Two models argue, a third moderates. Loop turns between participants with conflicting system prompts; pipe the moderator at the end; stream all of it through SSE for a live show.

const topic = "Is it OK to lie for a good cause?";
const turns = 4;
const transcript: Array<{ speaker: string; text: string }> = [];
const personas = {
pro: { id: "pro", system: "You argue strongly FOR the proposition." },
con: { id: "con", system: "You argue strongly AGAINST the proposition." },
};
for (let i = 0; i < turns; i++) {
const persona = i % 2 === 0 ? personas.pro : personas.con;
const prior = transcript.map((t) => `${t.speaker}: ${t.text}`).join("\n");
const turn = await generateText({
model: gambi.participant(persona.id),
system: persona.system,
prompt: `TOPIC: ${topic}\nDEBATE SO FAR:\n${prior}\n\nYour turn (3 sentences max).`,
});
transcript.push({ speaker: persona.id, text: turn.text });
}
const verdict = await generateText({
model: gambi.participant("moderator"),
prompt: `As moderator, summarize who made the stronger case:\n${transcript
.map((t) => `${t.speaker}: ${t.text}`)
.join("\n")}`,
});

Subscribe to the room’s SSE feed (gambi events watch --room ABC123 --format ndjson) to broadcast each turn live.

A game where each character has its own brain. Register one participant per persona, each pointing at whatever provider makes sense — a small fast model for guards, a heavier one for the oracle.

const SYSTEM_PROMPTS = {
merchant: "You are a greedy merchant. Always try to upsell.",
guard: "You are a tired city guard. You speak in 5 words or fewer.",
oracle: "You are an ancient oracle. Speak in cryptic verse.",
};
const npcs = {
merchant: gambi.participant("merchant"),
guard: gambi.participant("guard"),
oracle: gambi.participant("oracle"),
};
async function npcSays(npc: keyof typeof npcs, playerInput: string) {
const result = await generateText({
model: npcs[npc],
system: SYSTEM_PROMPTS[npc],
prompt: playerInput,
});
return result.text;
}
console.log(await npcSays("merchant", "Got any potions?"));
console.log(await npcSays("guard", "Let me through."));
console.log(await npcSays("oracle", "Will I survive?"));

Your game logic owns turn-taking and state; Gambi just makes “this character speaks now” a one-line operation.
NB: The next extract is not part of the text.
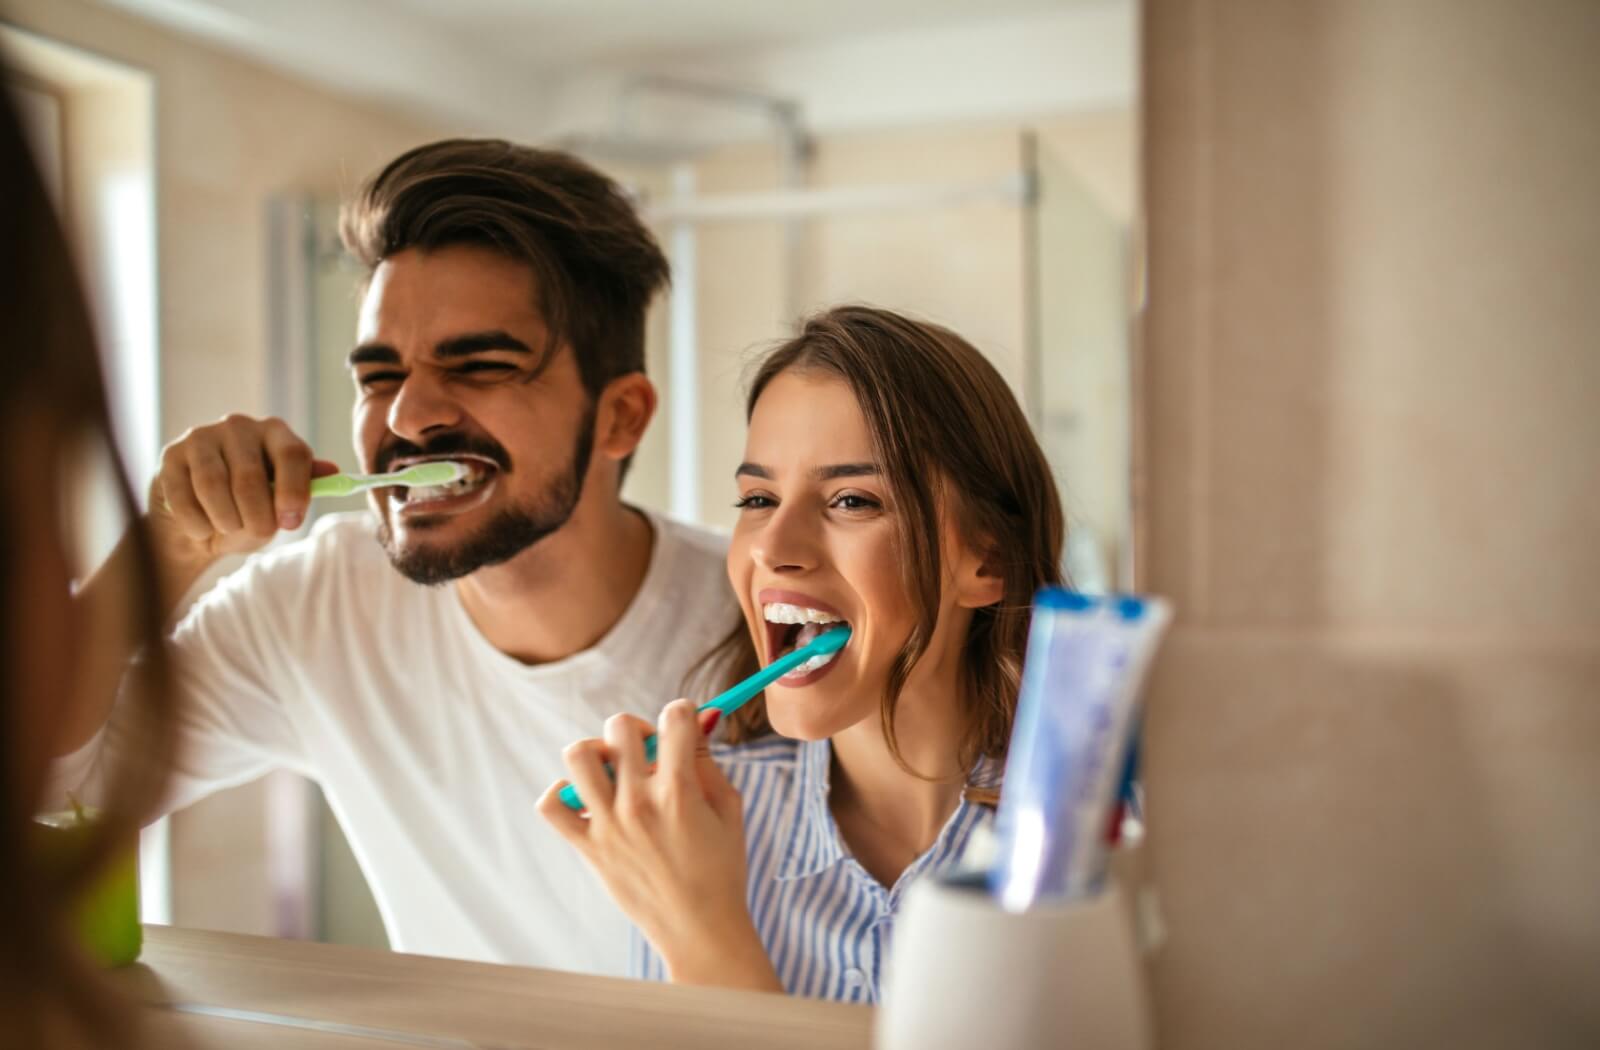 A young couple brushing their teeth together in front of a bathroom mirror.

Bring friends — or students — and pool the room’s LLMs. Each person joins with their own provider (Ollama, OpenRouter, OpenAI). You build the UI; the models stay theirs.

Set up the hub and create a room:

Terminal window
gambi hub serve --mdns
gambi room create --name "Class arena"
# → Room code: ABC123

Each participant joins separately, with whatever provider they brought:

Terminal window
# alice
gambi participant join --room ABC123 --participant-id alice --model llama3
# bob
gambi participant join --room ABC123 --participant-id bob --model mistral \
--endpoint http://localhost:1234
# carol (using OpenRouter)
gambi participant join --room ABC123 --participant-id carol \
--endpoint https://openrouter.ai/api \
--model meta-llama/llama-3.1-8b-instruct:free \
--header-env Authorization=OPENROUTER_AUTH

Then the app fans out the same prompt and renders responses side-by-side, votes, or runs blind comparisons:

// createClient handles management operations (listing participants, rooms, etc.)
// createGambi (preamble) handles inference routing — both are needed here.
import { createClient } from "gambi-sdk";
const client = createClient({ hubUrl: "http://localhost:3000" });
const participants = (await client.participants.list("ABC123")).data;
const responses = await Promise.all(
participants.map((p) =>
generateText({
model: gambi.participant(p.id),
prompt: "Explain monads in one sentence.",
}),
),
);

The room is shared; every model stays on the machine that brought it.